Why we write
Josh Friedman, the screenwriter soon to be best known as the a writer of the forthcoming masterpiece, Snakes on a Plane (no, really), was once mostly known for his very funny blog about Hollywood. Then he had the selfishness to go and get cancer and, not surprisingly, the blog took a more serious turn.
In the wake of his cancer surgery, Josh is in an introspective mood, and discusses life, writing, his eulogy and the words he knows will make him immortal:
I had to be at the hospital two hours before surgery and my biggest worry was leaving before my son woke up. My second biggest worry was not leaving before my son woke up.
As it turned out, he woke up a few minutes before I had to leave. I hugged him, told him I loved him and that I would see him later. Toddlers have no sense of time and as far as he was concerned, the word “later” meant either “when you walk around the corner” or “oatmeal.”
I knew that “later” meant one of two things: either “five days from now when they let me out” or “never.”

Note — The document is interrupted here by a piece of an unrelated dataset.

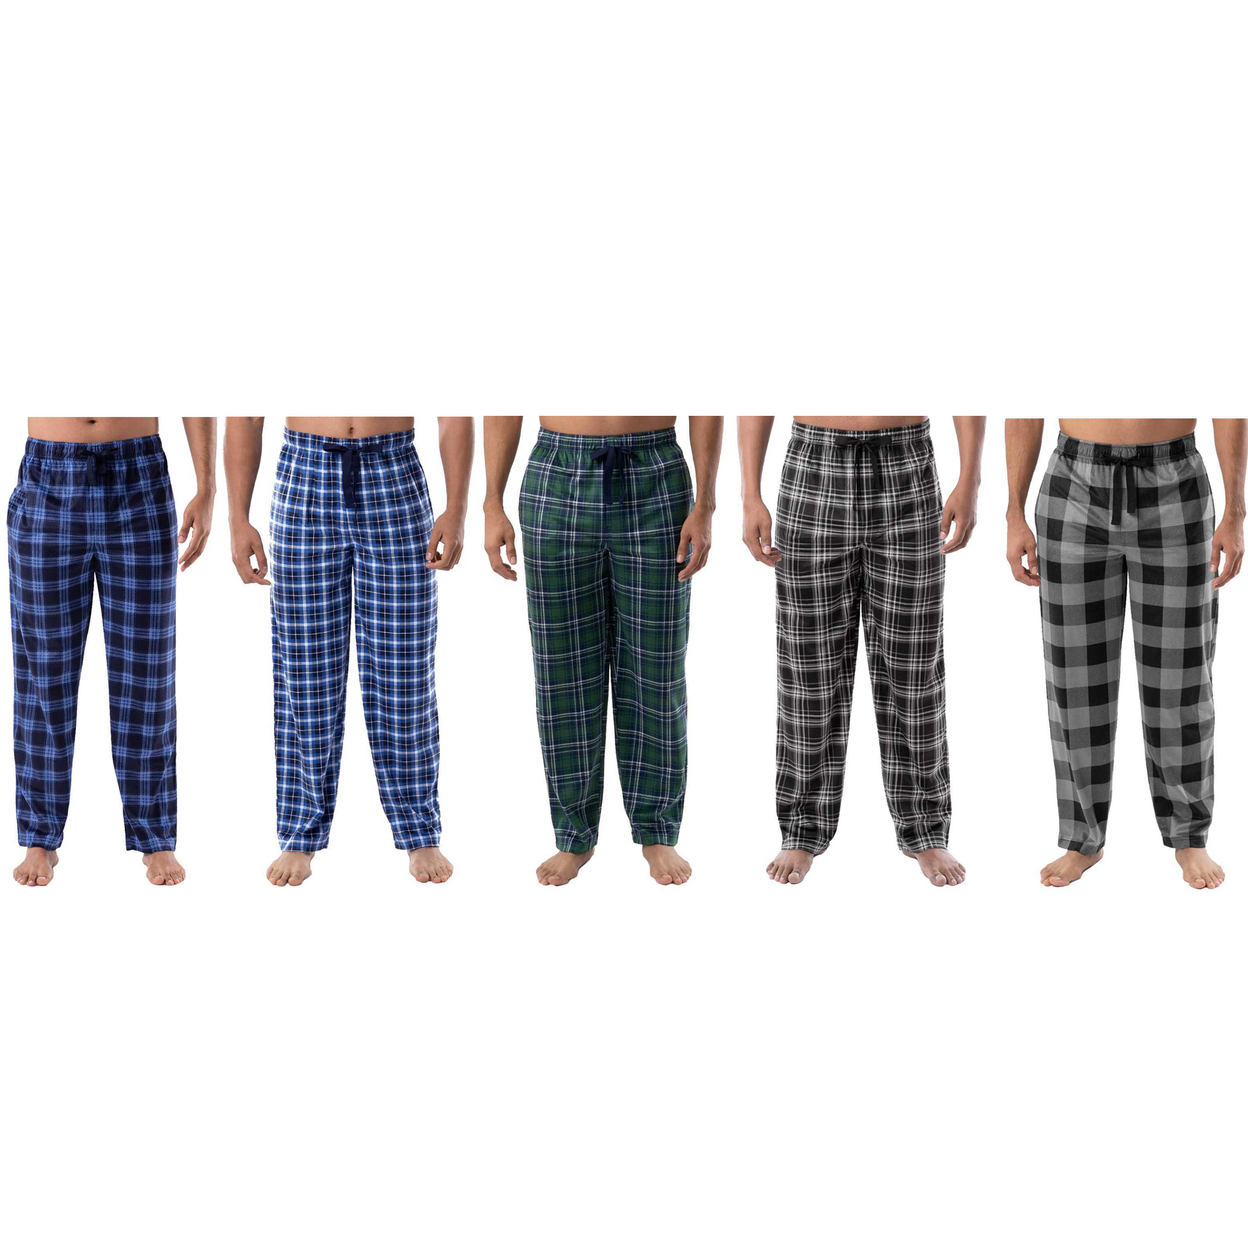 5-Pack: Men's Ultra-Soft Cozy Lounge Sleep Micro Fleece Plaid Pajama Pants - Xx-large

When I was young my parents took me to the funeral of a family friend. I’m sure at the time I thought she was old. I now realize she was probably younger than I am. She died of cancer, I don’t remember what kind, and who really cares. Dead is dead and no one ever asks the families of shooting victims what kind of bullet it was. What I remember was she had written her own eulogy. I don’t remember a single word of it, but I remember hearing her voice in the words. It felt like she had traveled some way to find us, and I was happy she had taken the time to visit. I missed her less, and wasn’t nearly as scared of where she had gone. She was real, she was present, and while she was less than alive she was much more than dead.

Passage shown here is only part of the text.